Within the framework of this research, we consider the problems of capturing the optimum, which are characterized by a lengthy period for calculating the values of objective function in comparison with the time needed for processing them. For example, objective function can be specified using systems of linear algebraic equations, systems of ordinary differential equations, etc. Currently, graphics accelerators can be used to solve problems of this type. Moreover, an accelerator can solve several such problems at once [16]; i.e., using GPU, one can calculate multiple function values simultaneously.

Thus, calculating the optimization criterion can be implemented on GPU, and the role of the optimization algorithm (running on CPU) consists in the selection of points for conducting parallel trials. This scheme of working with the accelerator is fully consistent with the work of the parallel global search algorithm developed at the Lobachevsky State University of Nizhni Novgorod and presented in a series of papers [1,2,3, 9,10,11,12].

2 Multidimensional Parallel Global Search Algorithm

Let’s consider the problem of finding the global minimum of the \(N\)-dimensional function \(\varphi (y)\) in the hyperinterval \(D=\{y\in R^N:a_i\leqslant x_i\leqslant {b_i}, 1\leqslant {i}\leqslant {N}\}\). We will assume that the function satisfies the Lipschitz condition with an a priori unknown constant \(L\).
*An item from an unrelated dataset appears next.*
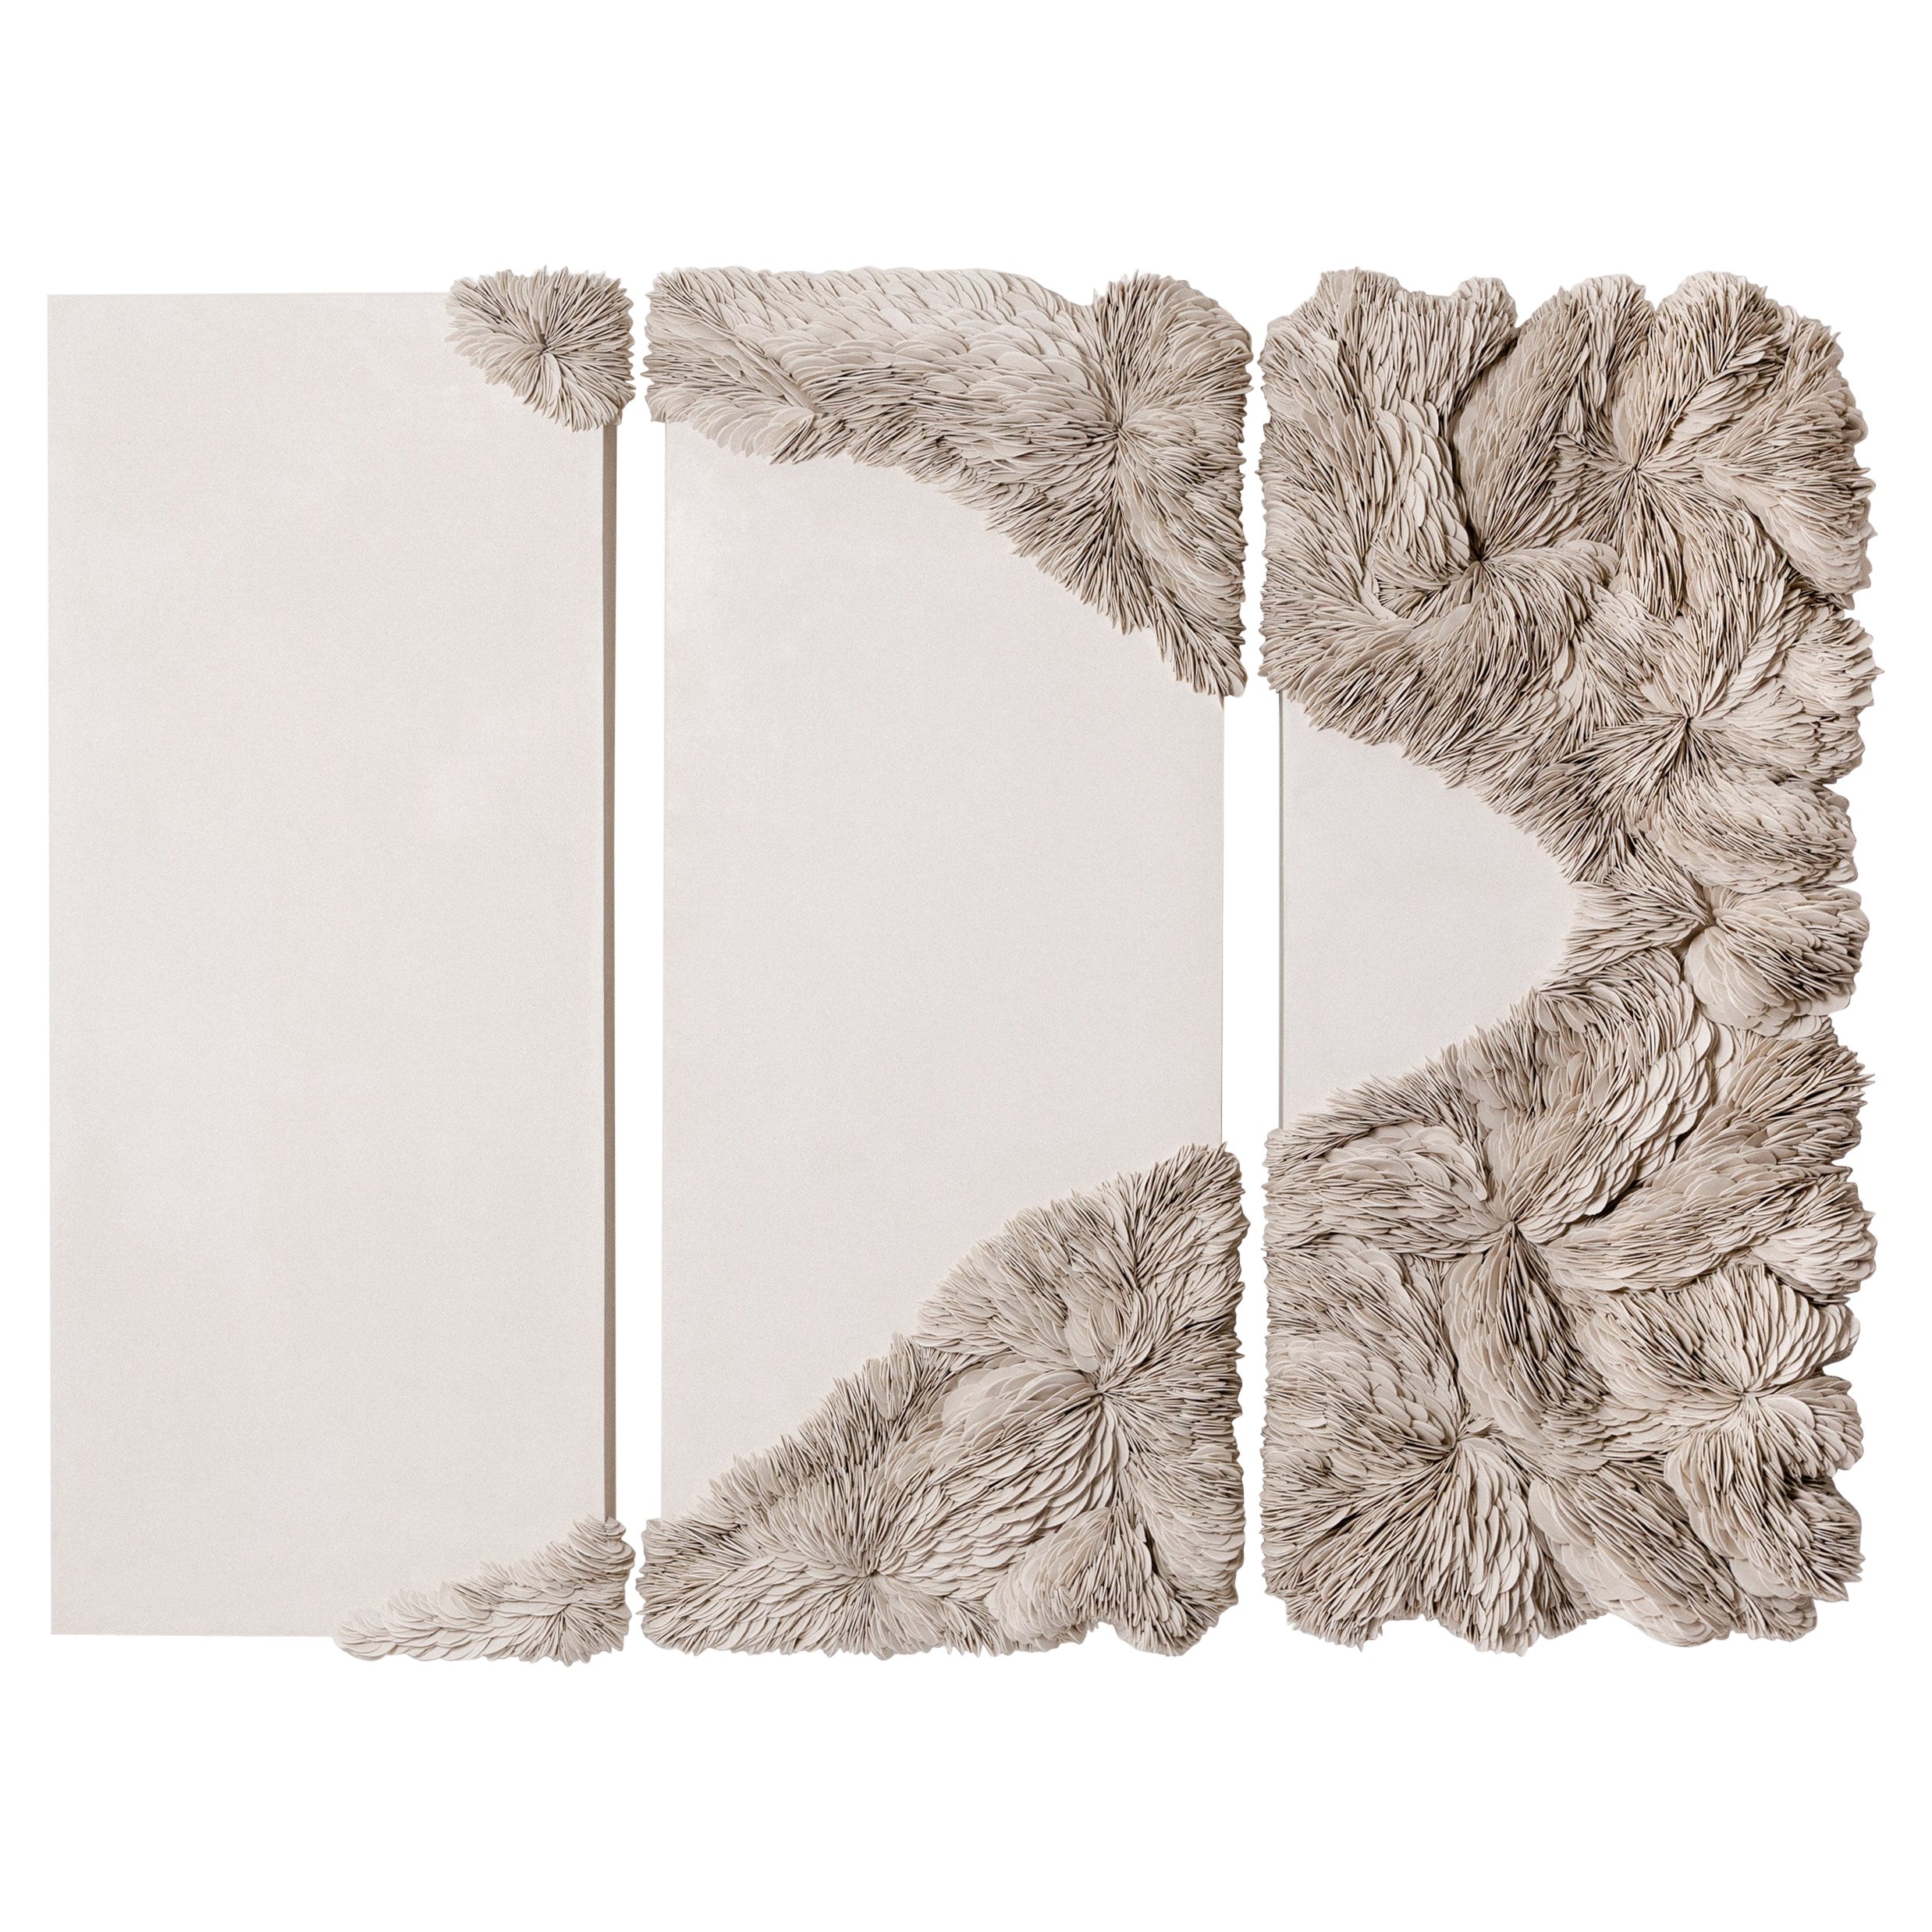 Collapsed Triptych in Sand, porcelain & plaster wall artwork by Olivia Walker For Sale
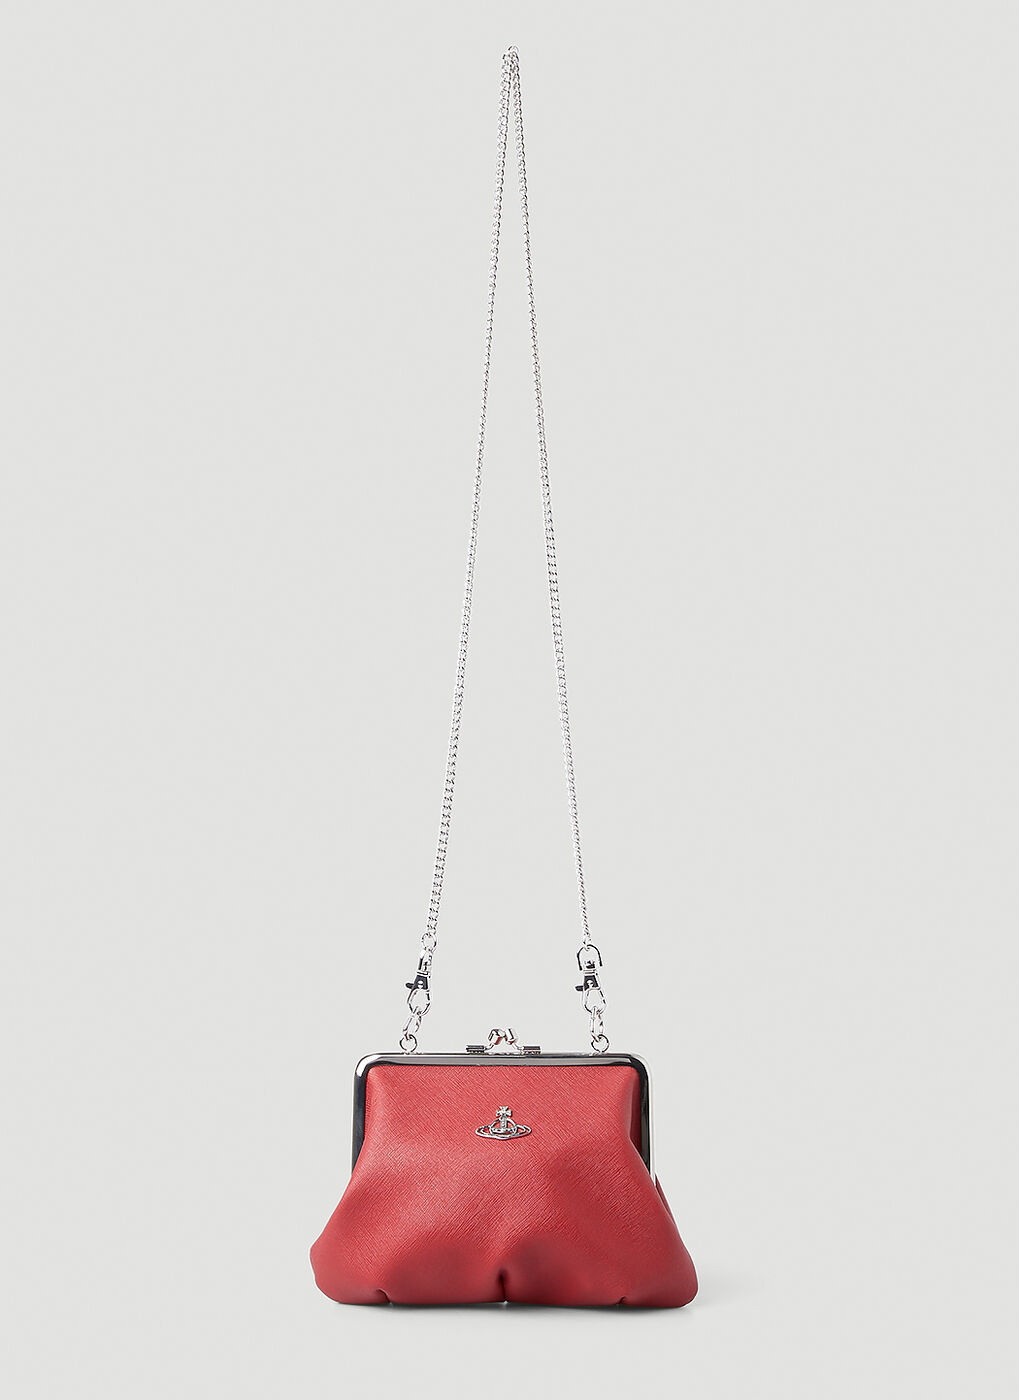 Granny Frame Purse in red | Vivienne Westwood®

$$\begin{aligned} \varphi (y^*)=\min \{\varphi (y):y\in D\}, \end{aligned}$$
(1)
$$\begin{aligned} |\varphi (y_1)-\varphi (y_2)|\leqslant L\Vert y_1-y_2\Vert ,y_1,y_2\in D,0<L<\infty . \end{aligned}$$
(2)

In this work we will use an approach based on the idea of reducing dimensionality using the Peano space-filling curve \(y(x)\), which continuously and unambiguously maps a segment of the real axis \([0,1]\) onto an \(n\)-dimensional cube

$$\begin{aligned} \lbrace y\in R^N:-2^{-1}\leqslant y_i\leqslant 2^{-1},1\leqslant i\leqslant N\rbrace =\{y(x):0\leqslant x\leqslant 1\}. \end{aligned}$$
(3)

The questions of numerical construction of approximations to Peano curve (evolvents) and the corresponding theory are discussed in detail in [21, 23]. Using evolvents \(y(x)\) reduces the multidimensional problem (1) to a one-dimensional problem

$$\begin{aligned} \varphi (y^*)=\varphi (y(x^*))=\min \{\varphi (y(x)):x\in [0,1]\}. \end{aligned}$$

An important property is that the relative differences of the function remain limited: if the function \(\varphi (y)\) in the region \(D\) satisfies the Lipschitz condition, then the function \(\varphi (y(x))\) in the interval \([0,1]\) will satisfy a uniform Hölder condition

$$\begin{aligned} |\varphi (y(x_1))-\varphi (y(x_2))|\leqslant H{|x_1-x_2|}^{\frac{1}{N}}, x_1,x_2\in [0,1], \end{aligned}$$

where the Hölder constant \(H\) is related to the Lipschitz constant \(L\) by the ratio \( H=2L\sqrt{N+3}\). Therefore, without limiting generality, we can consider minimizing the one-dimensional function \(f(x)=\varphi (y(x)), x\in [0,1]\), which satisfies the Hölder condition.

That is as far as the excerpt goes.